After a few sets, he gradually calmed down. At the end of every short set, I kept checking in with him, and he told me what he focused on when he reprocessed the accident.
Toward the end of our first reprocessing session, I asked Tom to rate his level of disturbance. Instead of having a 10 out of 10 disturbance level, Tom reported a 6 out of 10. The stress was more manageable. We ended the session with the Calm Place exercise and Tom reported feeling better than when he came in.
Second reprocessing session
When Tom came in the next week, he reported a huge improvement in his symptoms. His nightmares were reduced by more than half, he said, and he was sleeping so much better. He was able to function better at work and enjoy social activities again. This was a great sign, but our work was not over yet.
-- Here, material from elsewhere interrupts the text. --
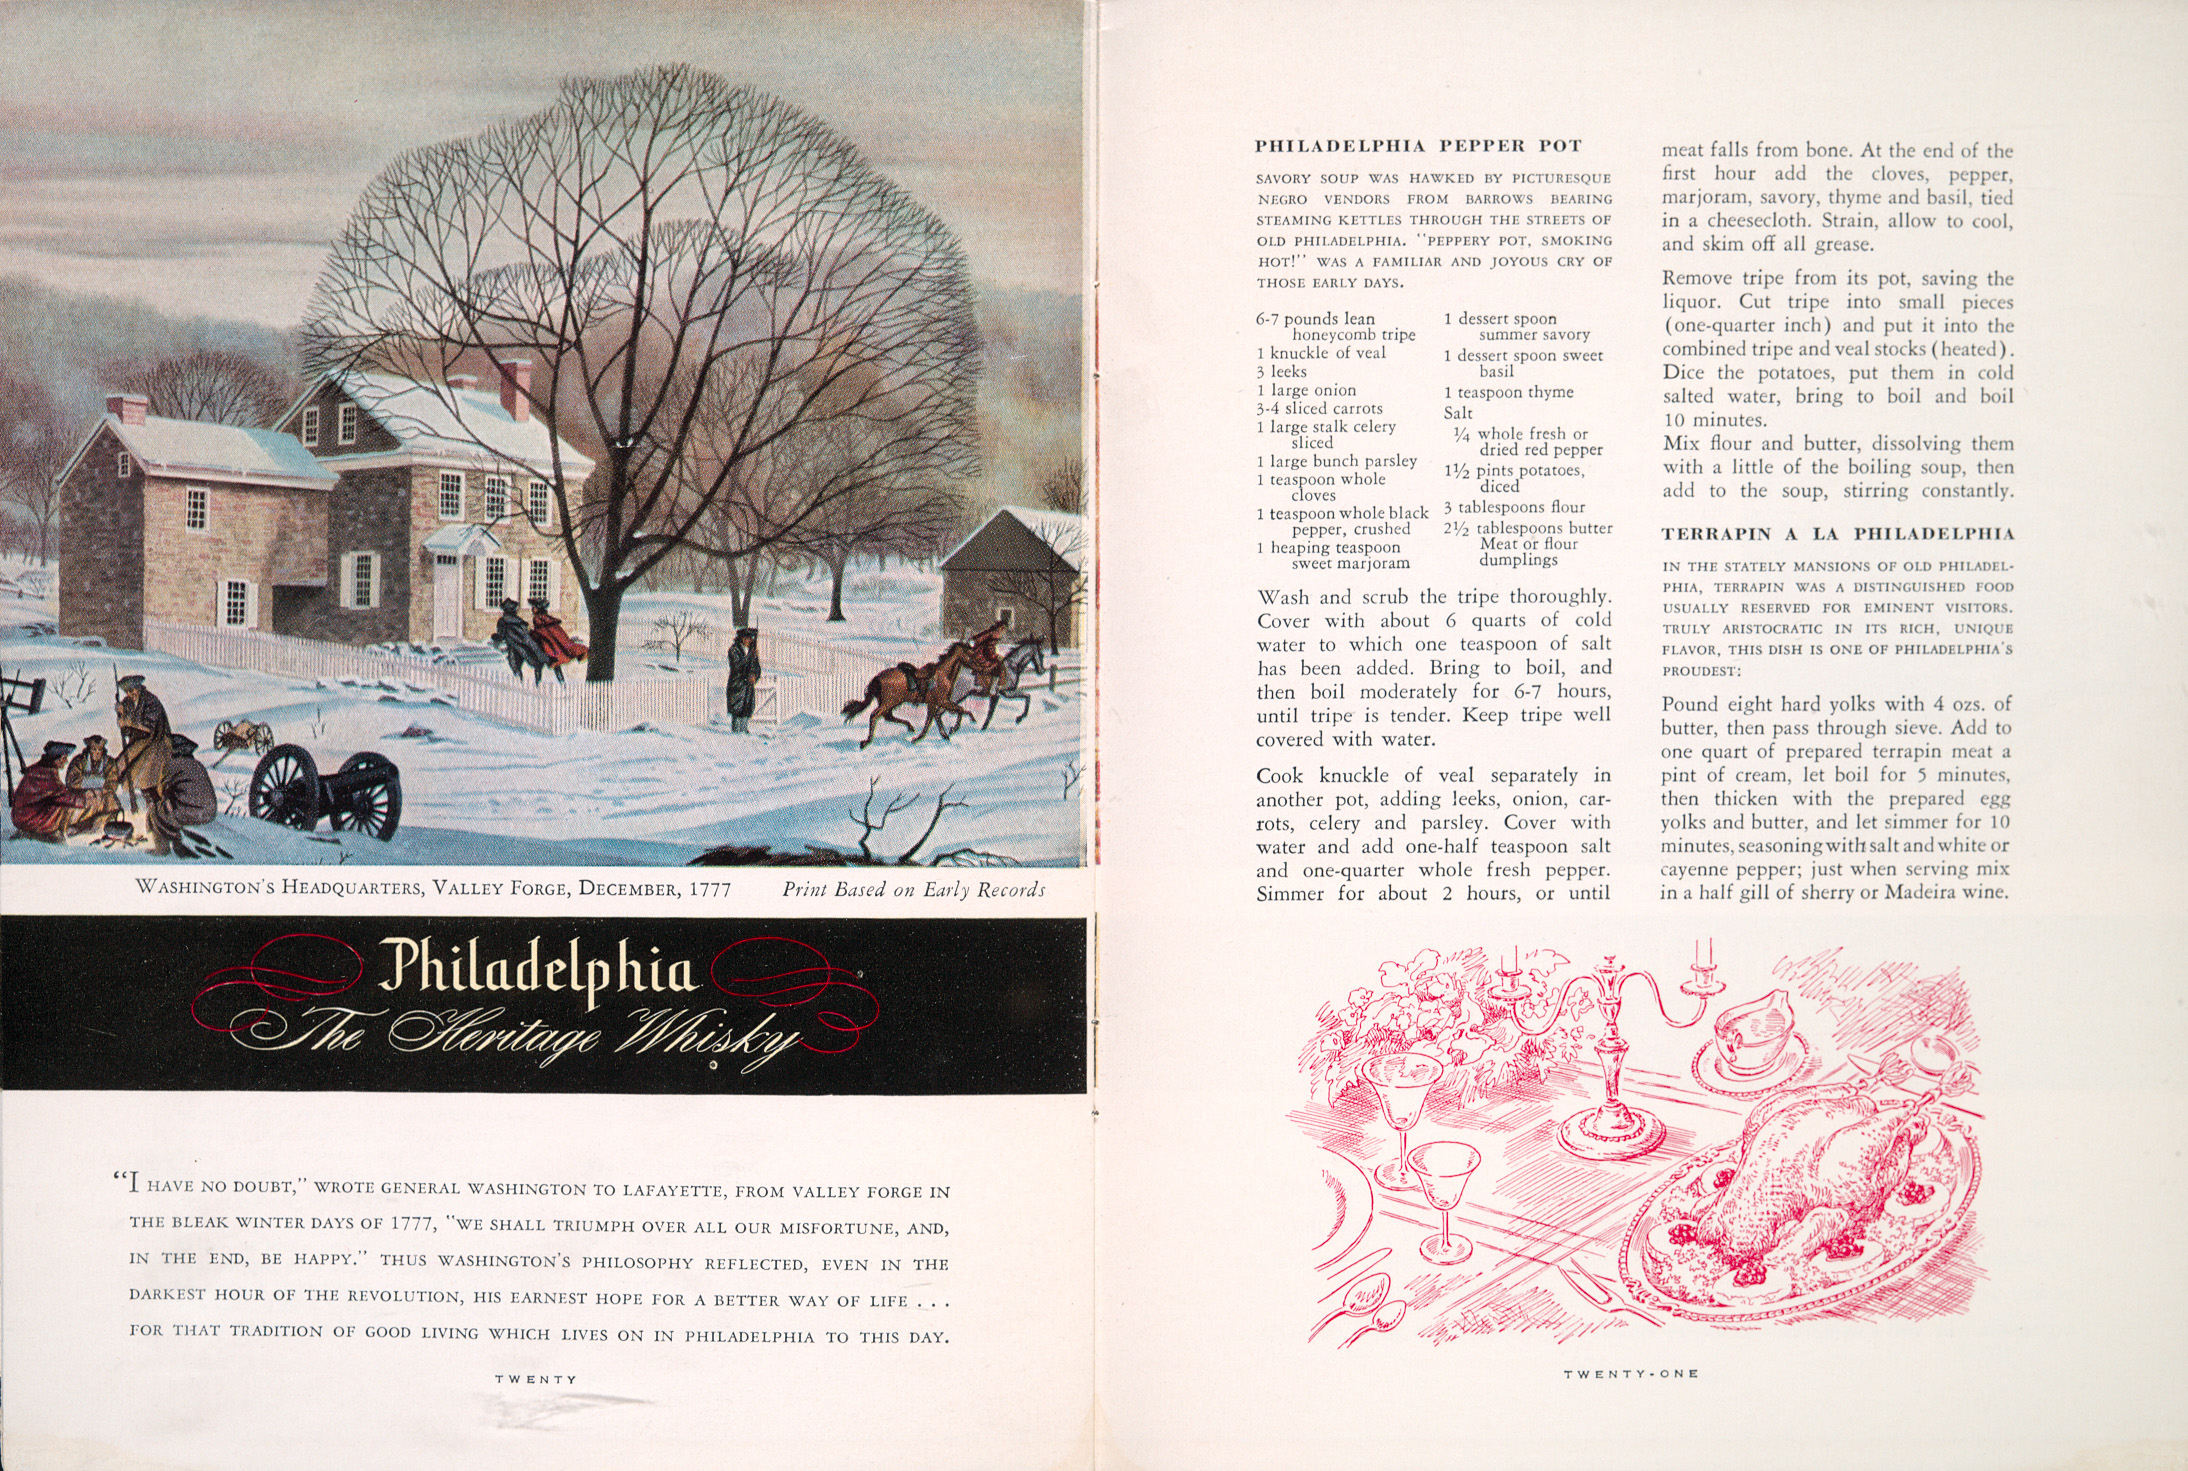 p 20-21 from Famous Recipes in the Philadelphia Manner.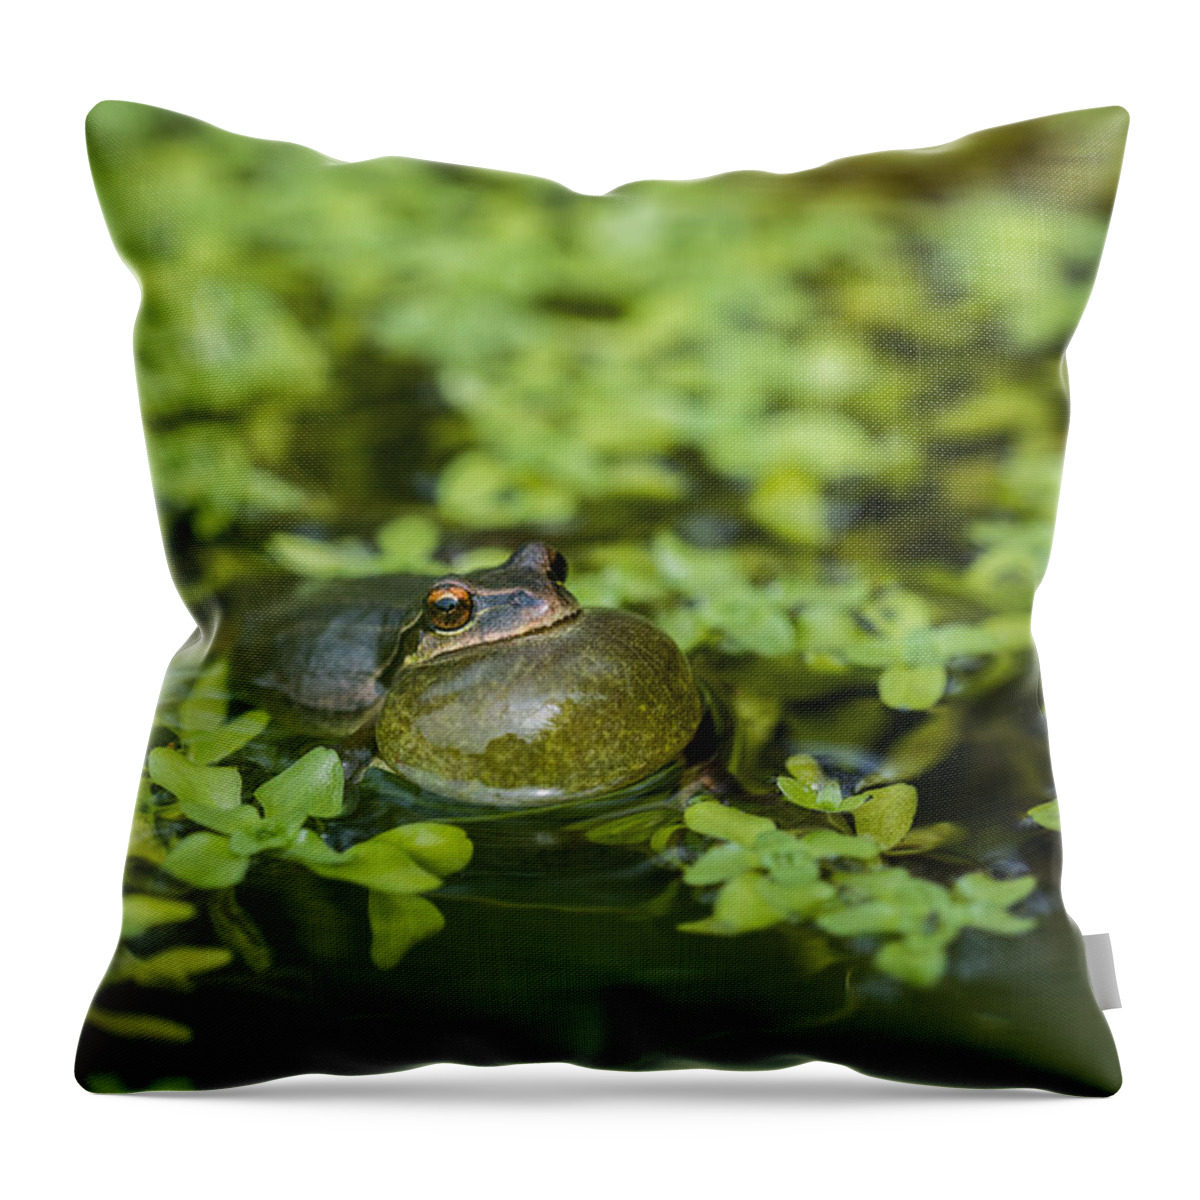 Courtship Throw Pillow featuring the photograph Calling Treefrog by Robert Potts

It is not uncommon for a client to continue to improve between sessions. I asked Tom to check on what comes up when he goes back to the scene of the accident. He was much less stressed and reported a disturbance level of 4 out of 10. That was another great sign. Tom’s brain had kept processing.
Again, I handed Tom the pulsators and asked him to focus on the worst picture, the negative thought related to the scene, the emotions he was feeling and where he was feeling it in his body. He was visibly much calmer, not shaking at all. After several more sets, Tom reported feeling good. He was okay. The accident happened in the past. He wasn’t disturbed by it anymore.
When I asked Tom to rate his level of disturbance – he reported that it was a 0.
His traumatic memory was cleared and the memory of the accident transformed into a regular memory. A mere fact.
Got his life back
Our EMDR work continued for just two more sessions, in which Tom reported feeling like he was getting his life back—the life he had before the accident. He enjoyed his work again and was able to function and socialize. His sleep improved, his concentration and creativity were back, and he returned to planning his wedding.
EMDR is a powerful form of therapy, and I was honored to help Tom journey back to happiness and functioning again.